Some forms of energy excluded from the concept of internal energy are:

  • Potential energy of the system as a whole due to its position in a gravity, electric, or magnetic field
  • Kinetic energy of the system as a whole due to the movement of the system relative to an external reference point
  • Embodied energy in the molecular mass; E = mC2

Internal energy does not include potential changes such as:

  • Potential internal chemical reactions of the constituent molecules. e.g., a mix of H2 and O2 ignores what would occur if we create H20
  • Potential chemical reactions of the constituent molecules with external molecules
  • Potential changes in molecular position or arrangement due changes in externally applied electric or magnetic fields
  • Potential molecular movement due to electron or proton exchanges at interface points with charged plates
  • Potential deformation of the boundary that has not yet occurred.

Thermodynamics is deeply involved with these forms of energy, but in general they are not part of the basic concept of current internal energy until a change in molecular movement has occurred."

73.34.109.242 (talk) 14:51, 31 August 2018 (UTC)JJH[reply]

No, most of this is false. internal energy is a concept that includes all energy inside the system, that is without the need for any external reference points. The name is quite properly chosen. If you had a container of just energy to start with to make a new system, it is that energy that is needed to remake the entire system, its atoms, molecules, interactions, and whatever is needed to create the exact state of the system. In thermodynamics, however, most of all that is not of interest, it is always constant for the processes covered, and is therefore never accounted for. In addition, processes of thermodynamic interest always involve only changes in internal energy; the absolute value therefor never matters, and the thermodynamicist may choose any reference point that is convenient. The nuclear physicist feels differently about what that reference point should be.

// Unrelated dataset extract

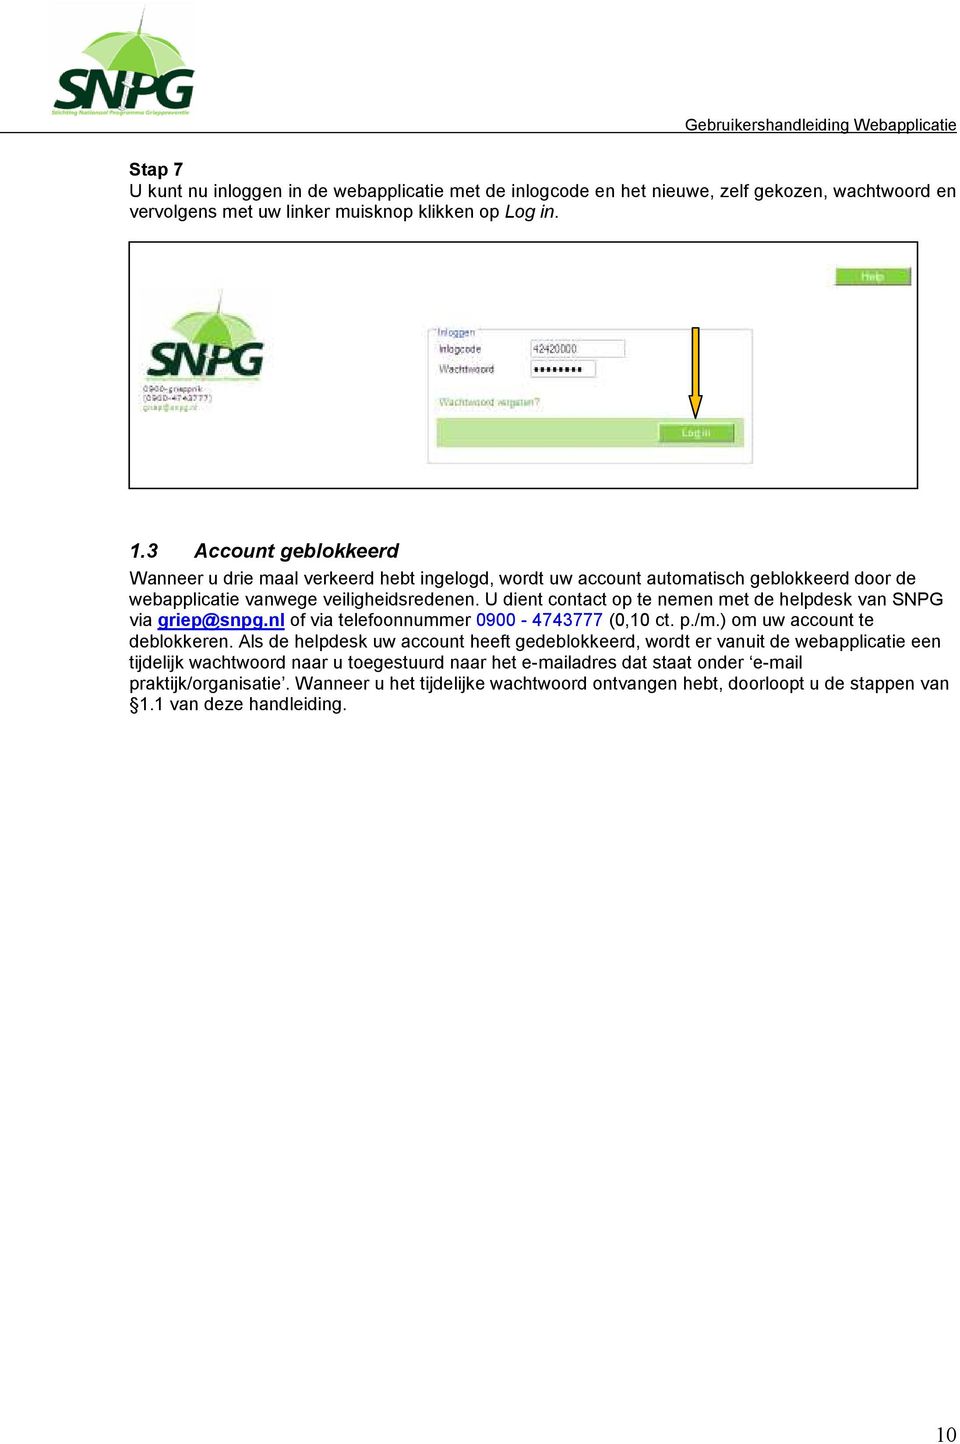 U dient contact op te nemen met de helpdesk van SNPG via griep@snpg.nl of via telefoonnummer 0900-4743777 (0,10 ct. p./m.) om uw account te deblokkeren.
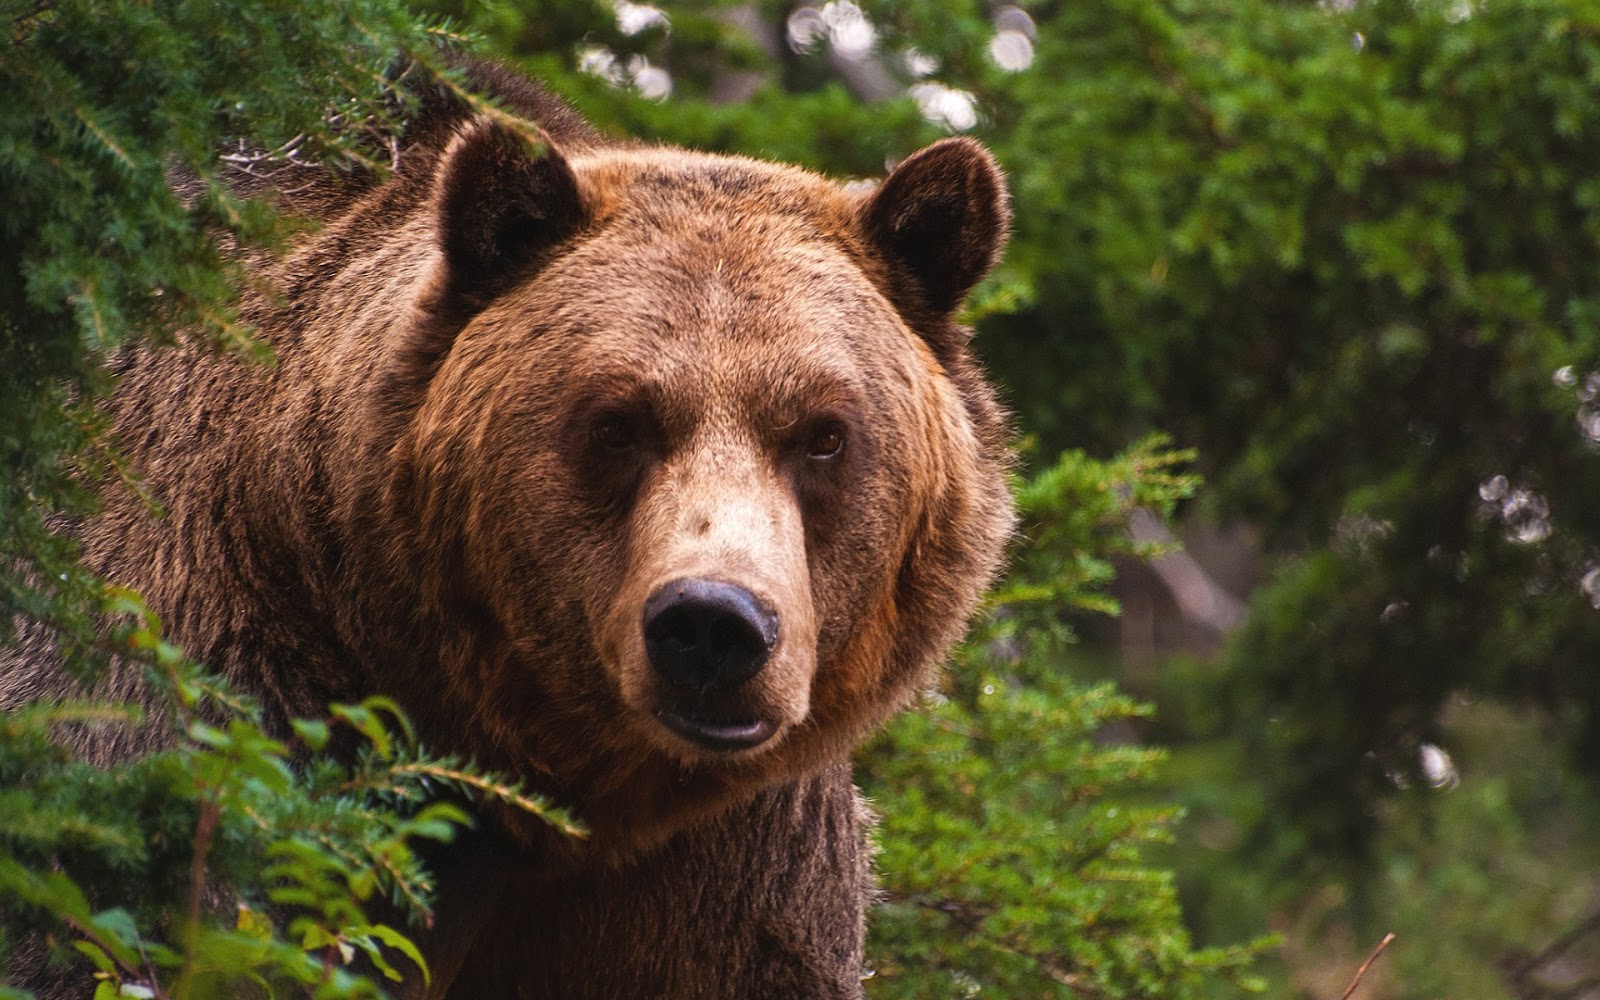 Fondo de Pantalla Animales Mirada fija de oso grande | Imagenes Hilandy

Kbrose (talk) 17:22, 16 August 2019 (UTC)[reply]
Isn't OP's point more that the definition should make clear that it isn't just 'the kinetic energy of motion of the system as a whole and the potential energy of the system as a whole due to external force fields' that is inexcluded, but a whole bunch of other things as well? He isn't saying that other forms of energy should be included in the definition, just that it should be made clearer that they aren't. Martijn Meijering (talk) 18:02, 16 August 2019 (UTC)[reply]
I don’t object to the above ideas being present in the article but I object to them constituting the first paragraph of the lead because it violates Make technical articles understandable.
I would prefer to see the first para say something like “In thermodynamics the internal energy of an ideal gas is a property that depends solely on the temperature of the gas. The internal energy of a system ... ... ...” Dolphin (t) 21:45, 16 August 2019 (UTC)[reply]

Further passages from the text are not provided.